Data extract

• • • • •

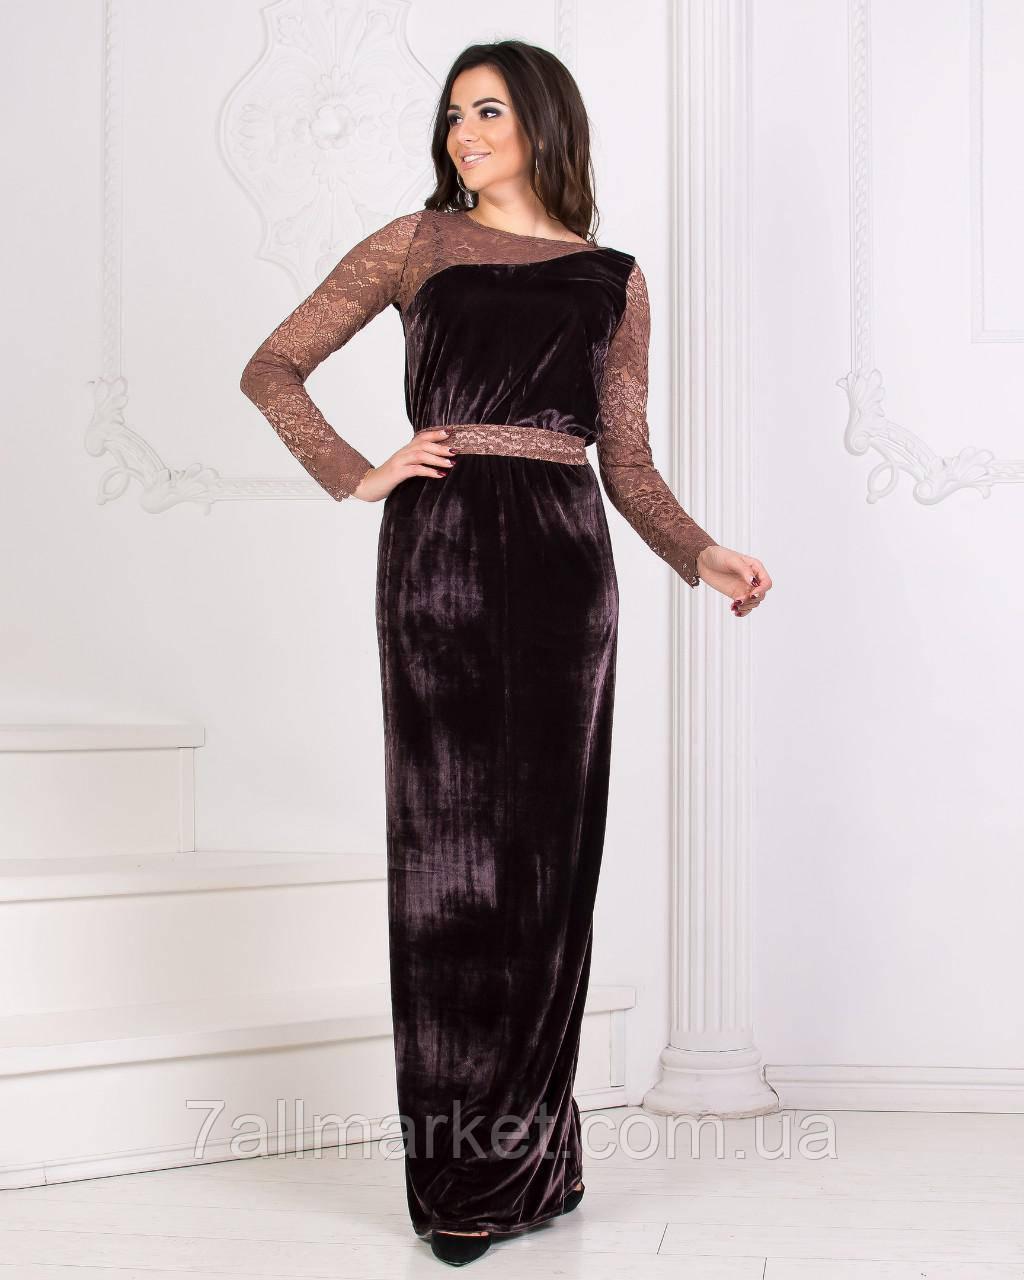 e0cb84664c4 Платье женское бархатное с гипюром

• • • • •

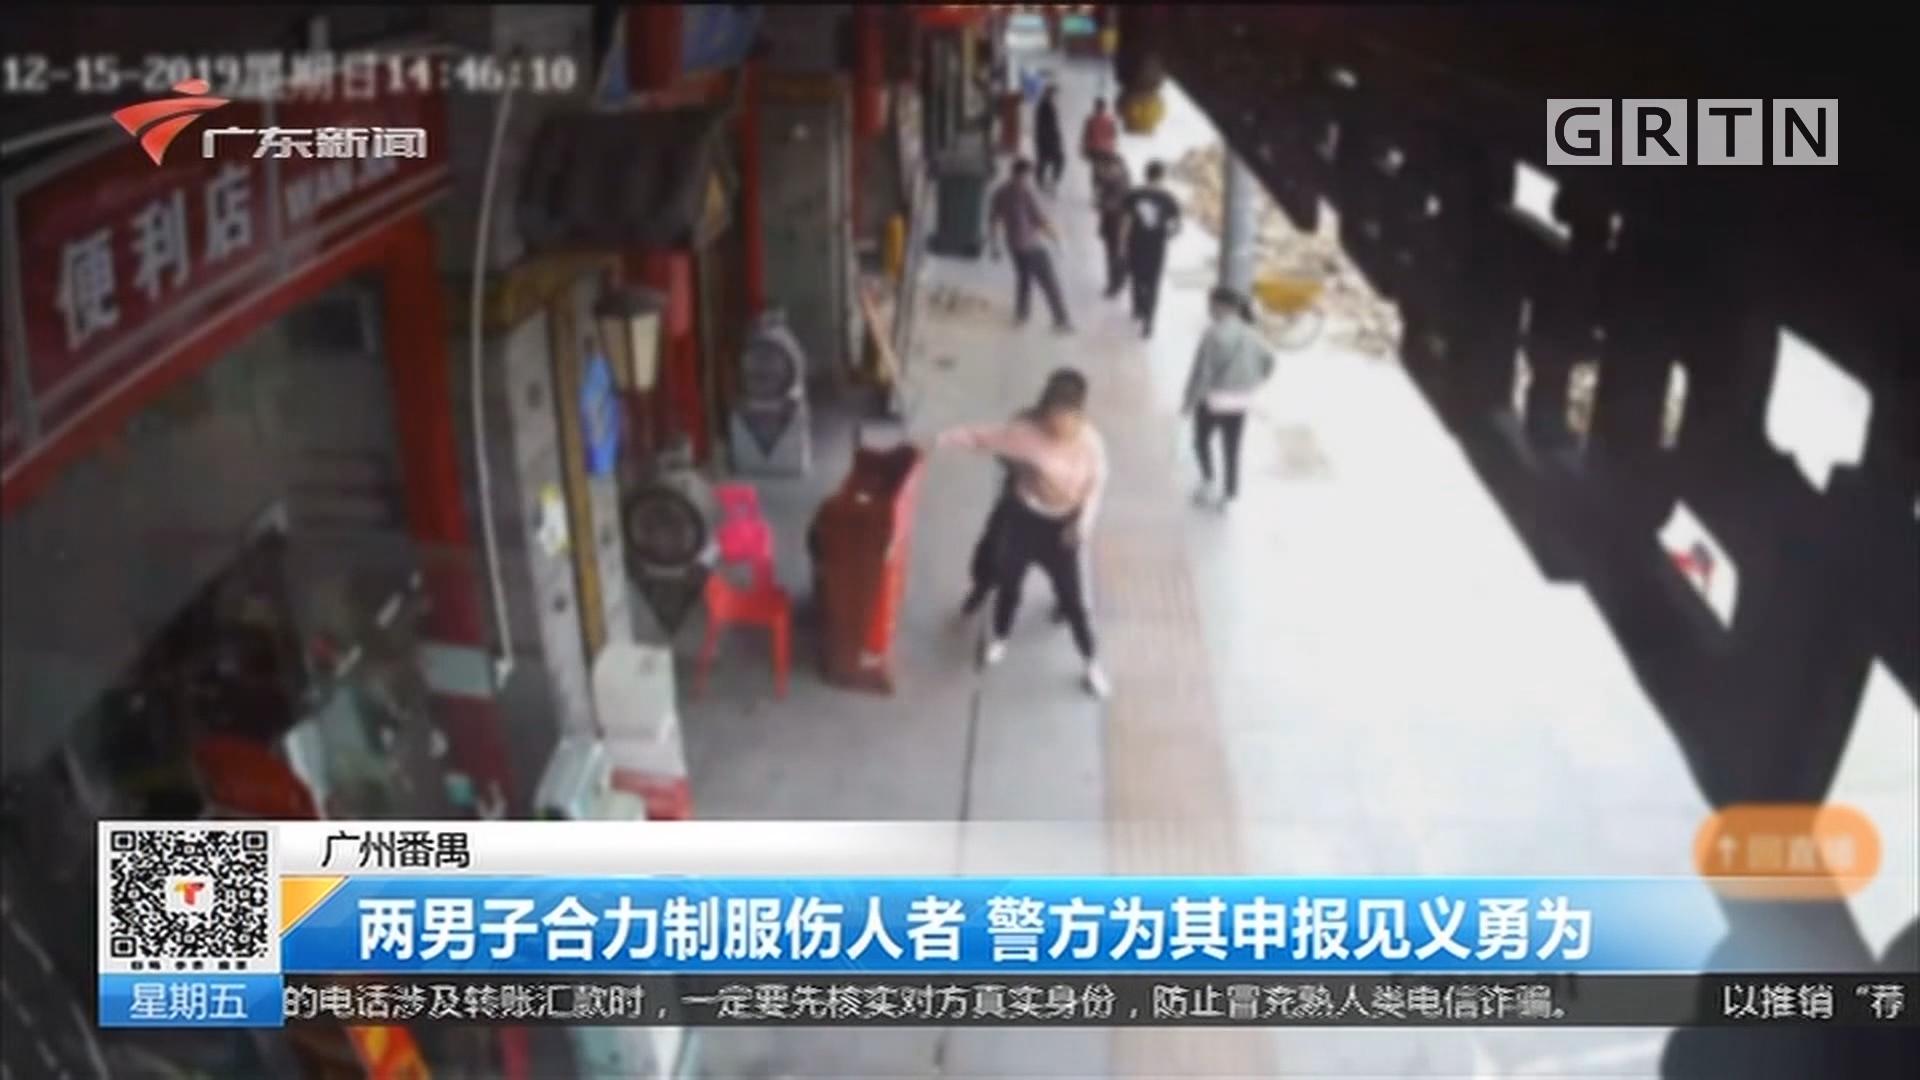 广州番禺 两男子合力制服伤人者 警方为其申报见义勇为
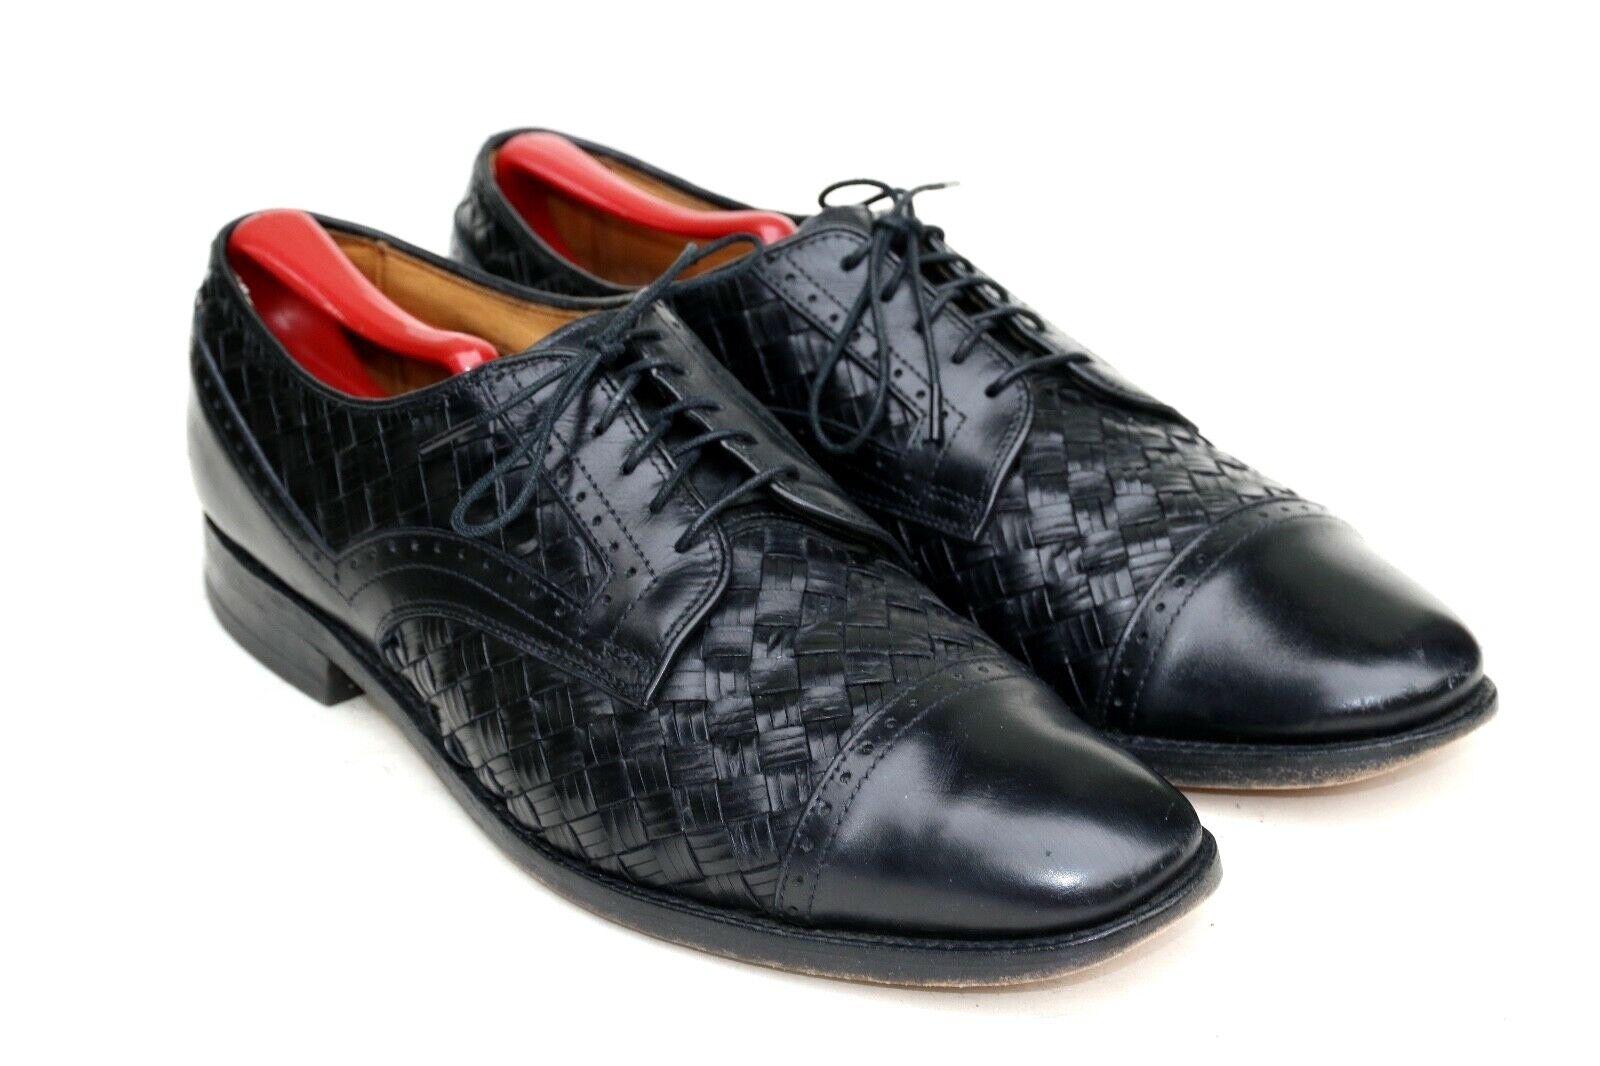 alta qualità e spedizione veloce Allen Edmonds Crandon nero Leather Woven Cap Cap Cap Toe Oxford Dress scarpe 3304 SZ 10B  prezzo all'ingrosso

• • • • •

Please set down, exactly and with no pictures, the lines in the entries above starting at the one holding "广州番禺 两男子合力制服伤人者 警方为其申报见义勇为" and ending at the one holding "alta qualità e", ends included.

Expected output
 广州番禺 两男子合力制服伤人者 警方为其申报见义勇为
 alta qualità e spedizione veloce Allen Edmonds Crandon nero Leather Woven Cap Cap Cap Toe Oxford Dress scarpe 3304 SZ 10B  prezzo all'ingrosso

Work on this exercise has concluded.